Distribution of 100 families by their expenditure:
| Expenditure (in ₹) | 1000-1500 | 1500-2000 | 2000-2500 | 2500-3000 | 3000-3500 | 3500-4000 | 4000-4500 | 4500-5000 |
|---|---|---|---|---|---|---|---|---|
| Number of families | 24 | 40 | 33 | 28 | 30 | 22 | 16 | 7 |
Solution:
First, we calculate cumulative frequencies:
| Class Interval | fi | Cumulative frequency |
|---|---|---|
| 1000-1500 | 24 | 24 |
| 1500-2000 | 40 | 64 |
| 2000-2500 | 33 | 97 |
| 2500-3000 | 28 | 125 |
| 3000-3500 | 30 | 155 |
| 3500-4000 | 22 | 177 |
| 4000-4500 | 16 | 193 |
| 4500-5000 | 7 | 200 |
Here \(n = 200\), so \(\frac{n}{2} = 100\)

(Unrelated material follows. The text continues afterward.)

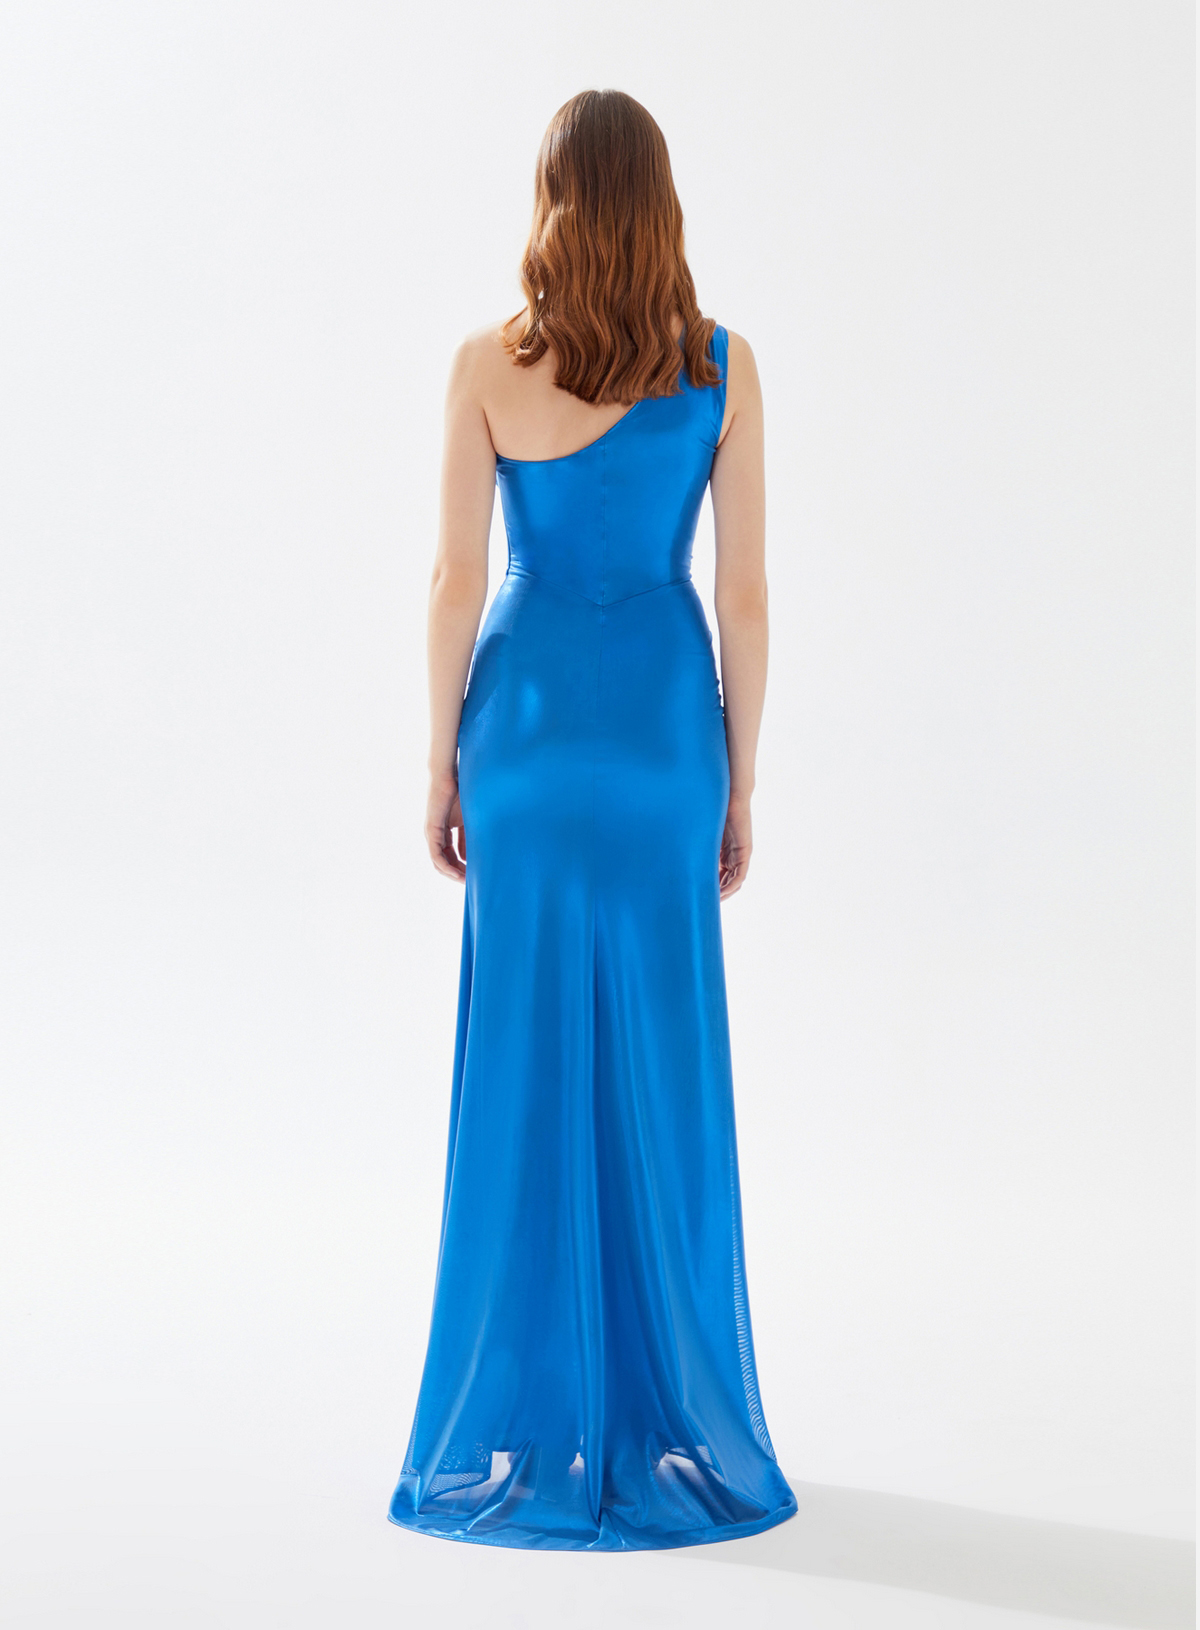 Picture of Marlyn Bıjou Blue Dress

The median class is 2000-2500 (cumulative frequency = 97)
Now:
Using the formula:
\(\text{Median} = 2000 + \left( \frac{100 - 64}{33} \right) \times 500 = 2000 + \frac{18000}{33} = 2545.45\)
So, the median expenditure is ₹2545.45.